Felted Bead Workshop
Felted beads can be a colorful and unique addition to any wardrobe, be used as buttons, or just sit in a bowl and look beautiful. In this class, we’ll make wet felted beads of several sizes and shapes and in many colors. We’ll embellish them with beads, yarns, and even tie-dye them. This is a fun and creative class.

School programs

Arts-Based Service Learning
For centuries families and communities gathered together to make their clothing and household linens by preparing fibers, spinning and dyeing yarns, and weaving or knitting fabrics. Today, the process of making clothing is fragmented – fibers may be grown in India, spun in Guatemala, dyed in the United States and assembled in Vietnam. In the process, we have lost not only the ability to make our own clothing, but also the cultural integrity that goes along with producing a unique, identifying garment from beginning to end.

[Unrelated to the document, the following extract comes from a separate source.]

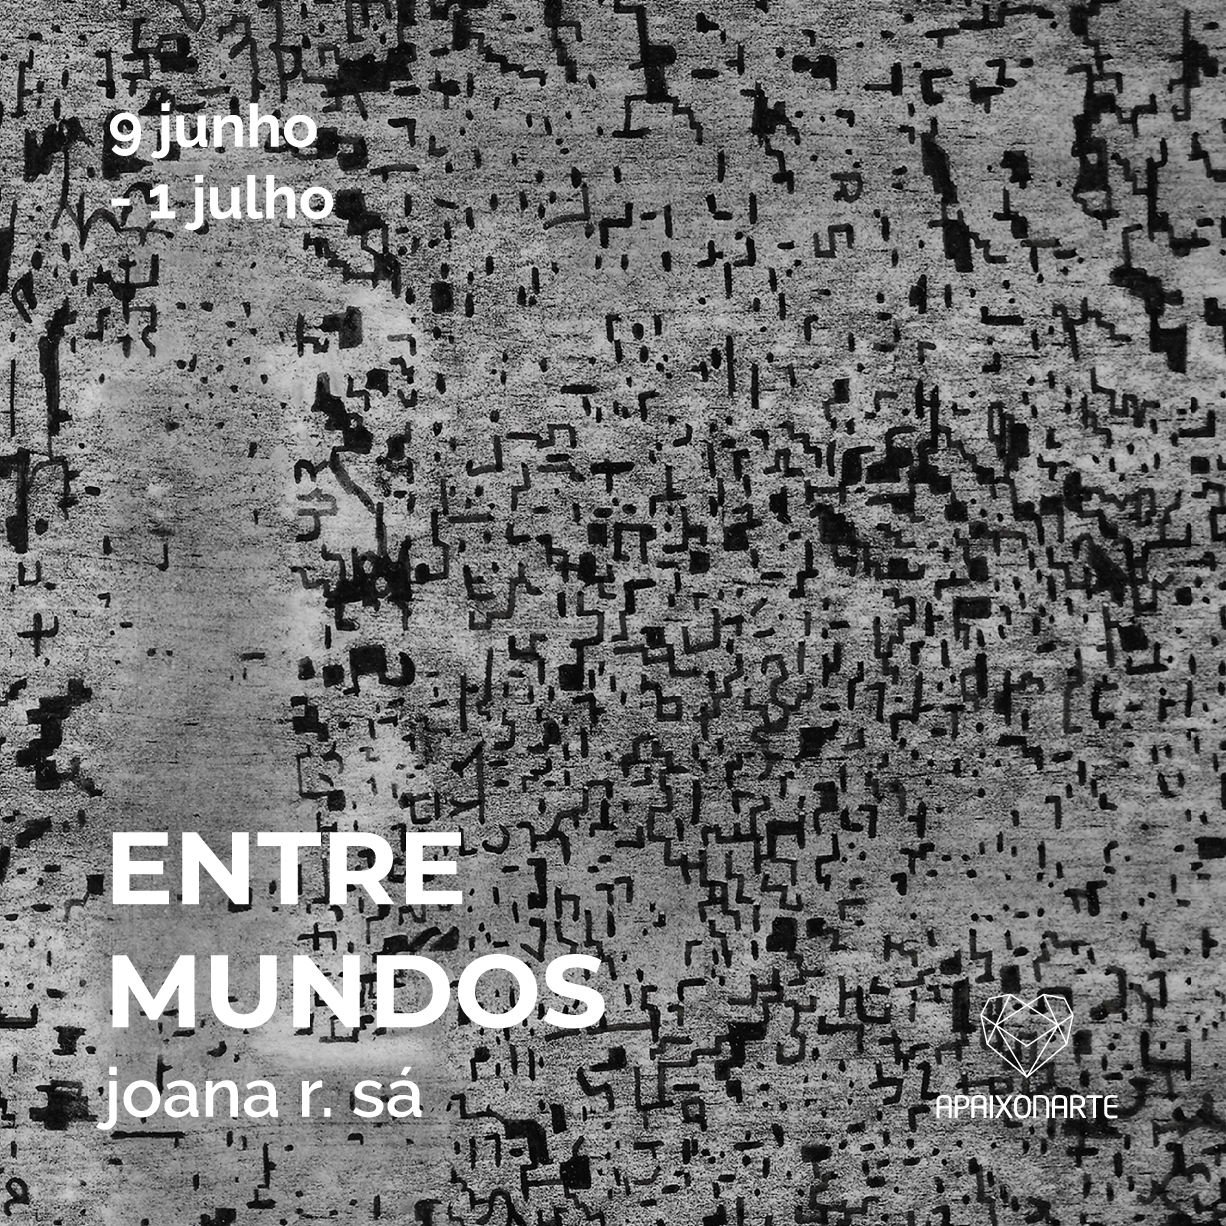 Exhibition poster for Joana R. Sá's exhibition at Apaixonarte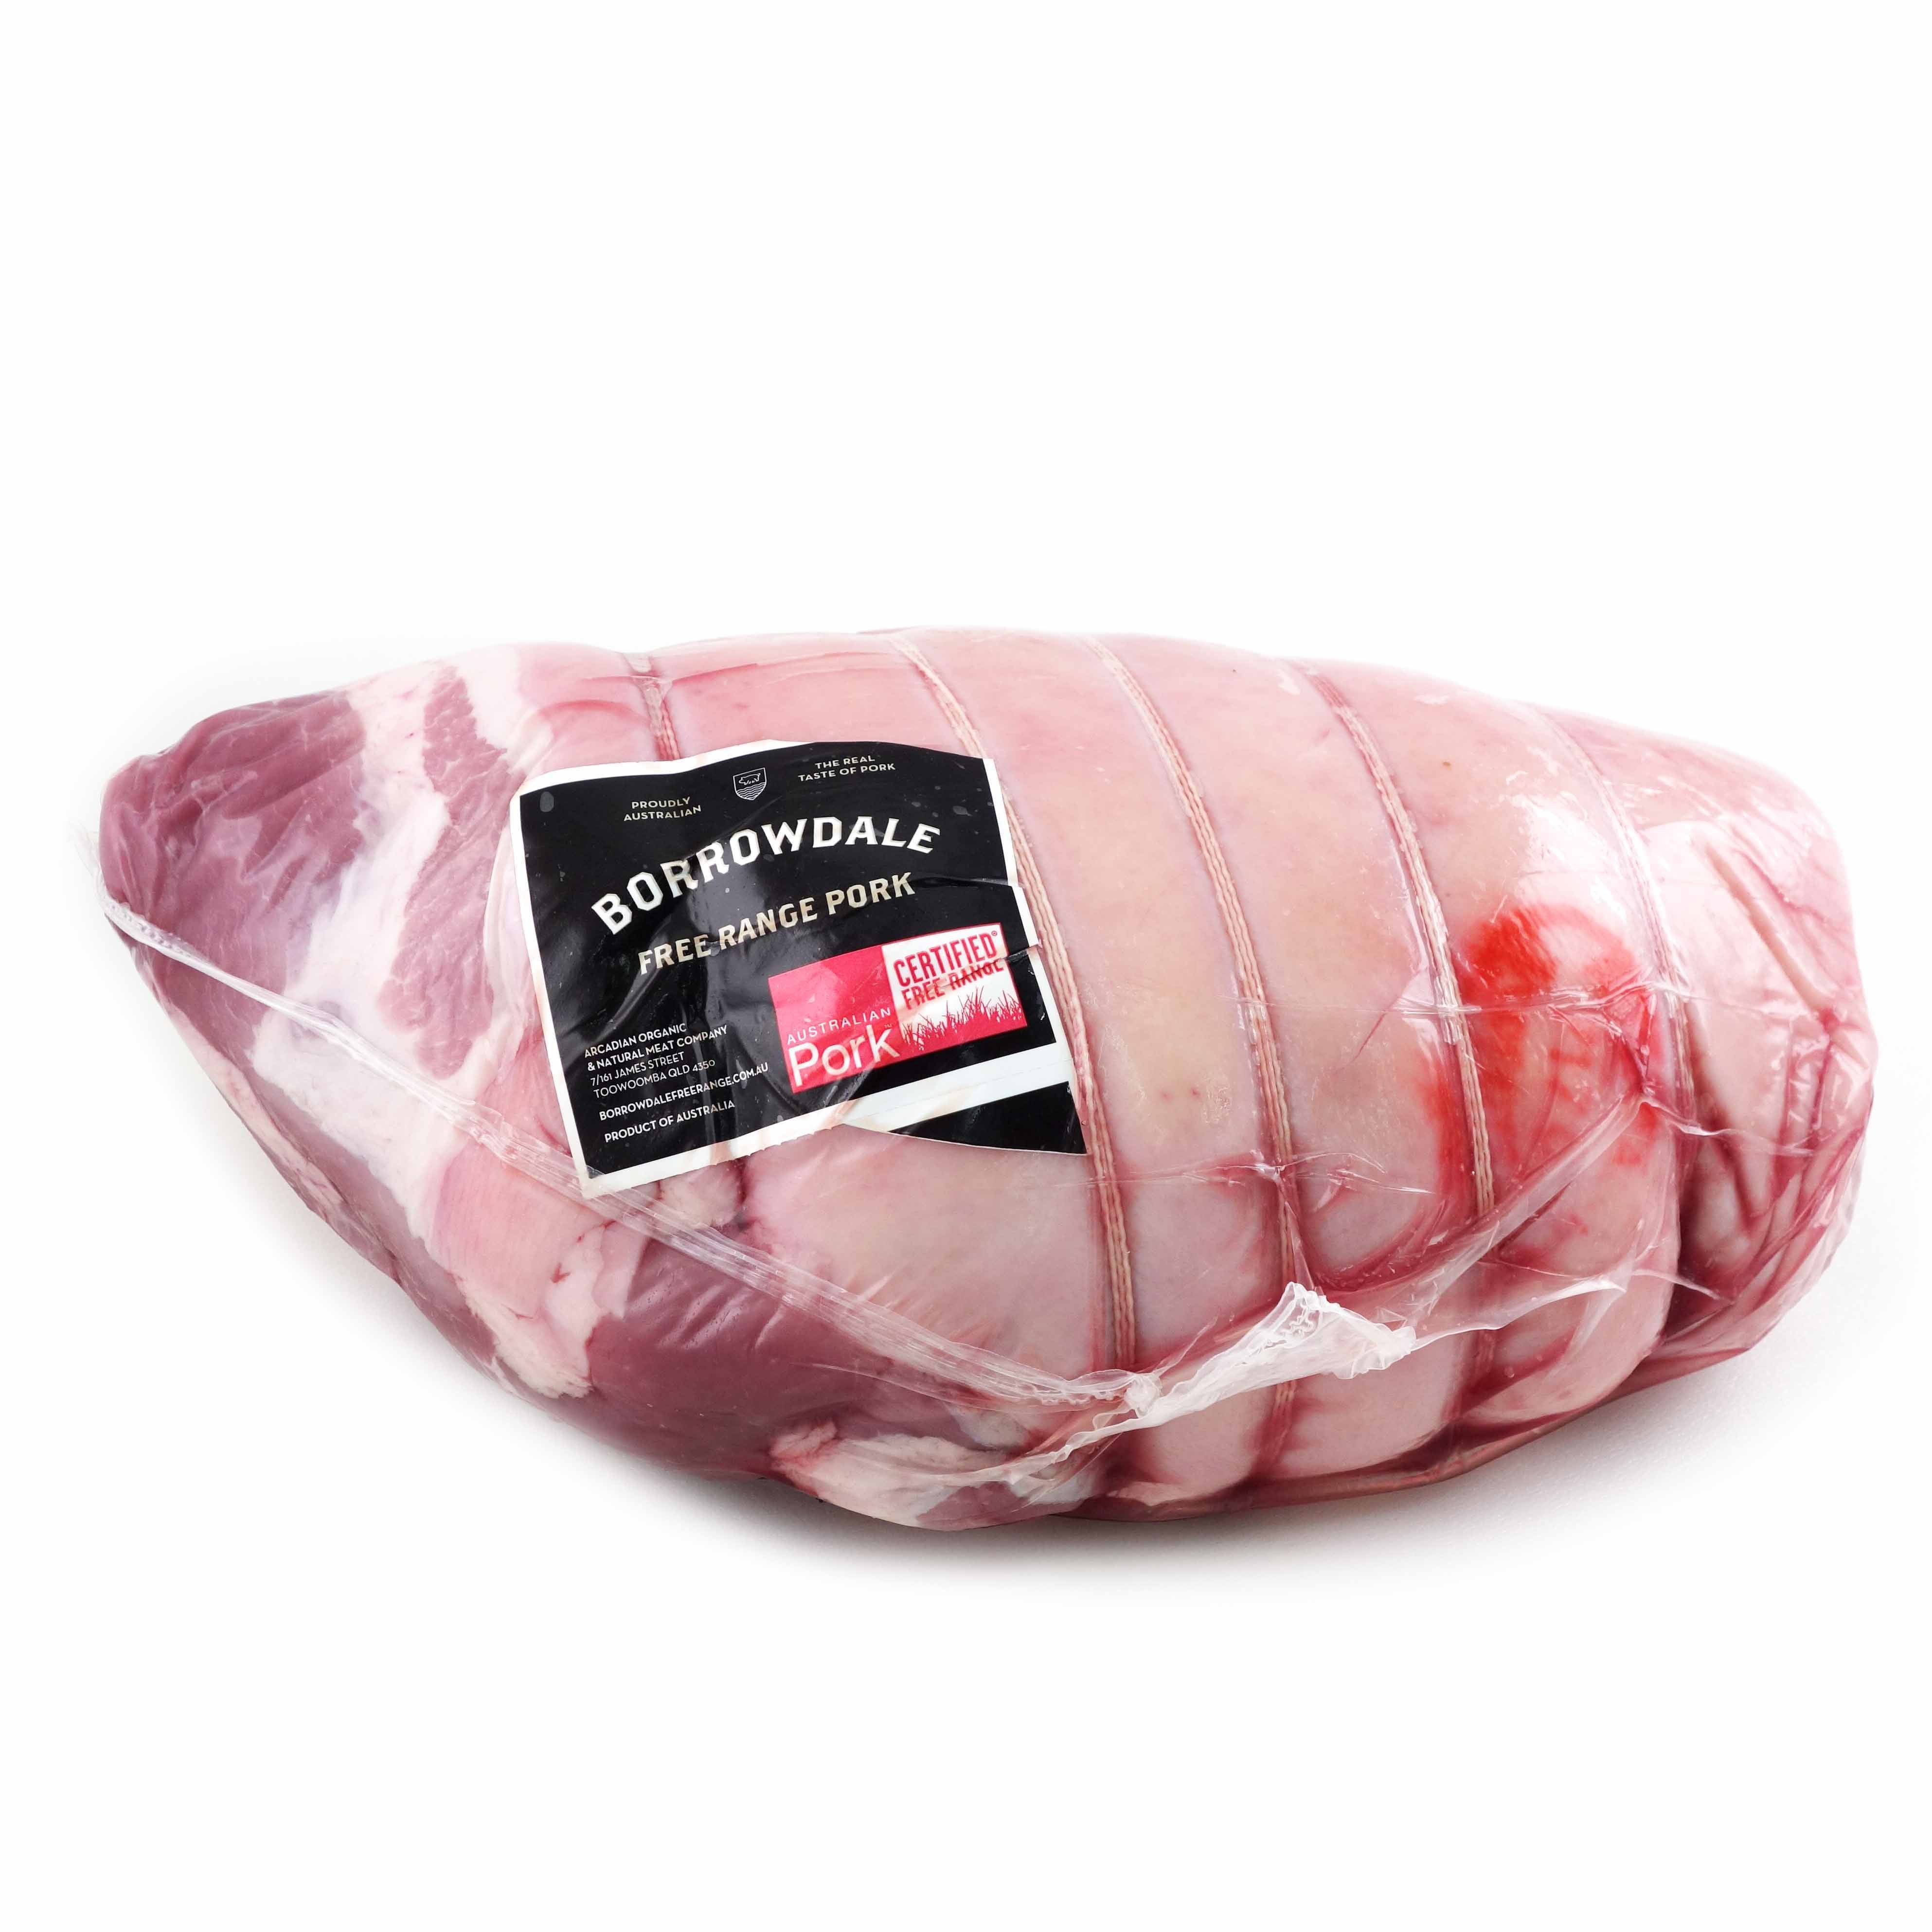 AUS Borrowdale Pork Shoulder

Teaching fiber arts raises an awareness of the issues of globalization, restores an element of cultural pride, and begins a conversation about local- and self-sufficiency. Community-wide, site specific, fiber arts projects have far reaching impacts both on the students that participate and the community that is the recipient.

Teacher In-Service

Half Day Classes
Chemical Dyes Made Easy
Natural dyes have been used for centuries in every culture and on every continent. The colors range from bright to subtle and can last for hundreds of years when applied properly. In this workshop you will learn how to dye wool yarns beautiful colors using natural and chemical dyes that are foods and food safe. These are hands on projects that work in the classroom for all grade levels using a minimum of readily available inexpensive equipment. There will be plenty of curriculum tie-ins and maybe a snack or two as well.

Weaving Stories
Weavings made on simple hand held looms are the starting point for story telling in this hands on workshop. We’ll tell a color story then weave and write our own individual stories. In the process we will learn about traditional story cloths from cultures around the world, learn several weave structures, discuss alternate age appropriate weaving projects, and be amazed by some little known historical facts that will work as curriculum tie ins for multiple disciplines.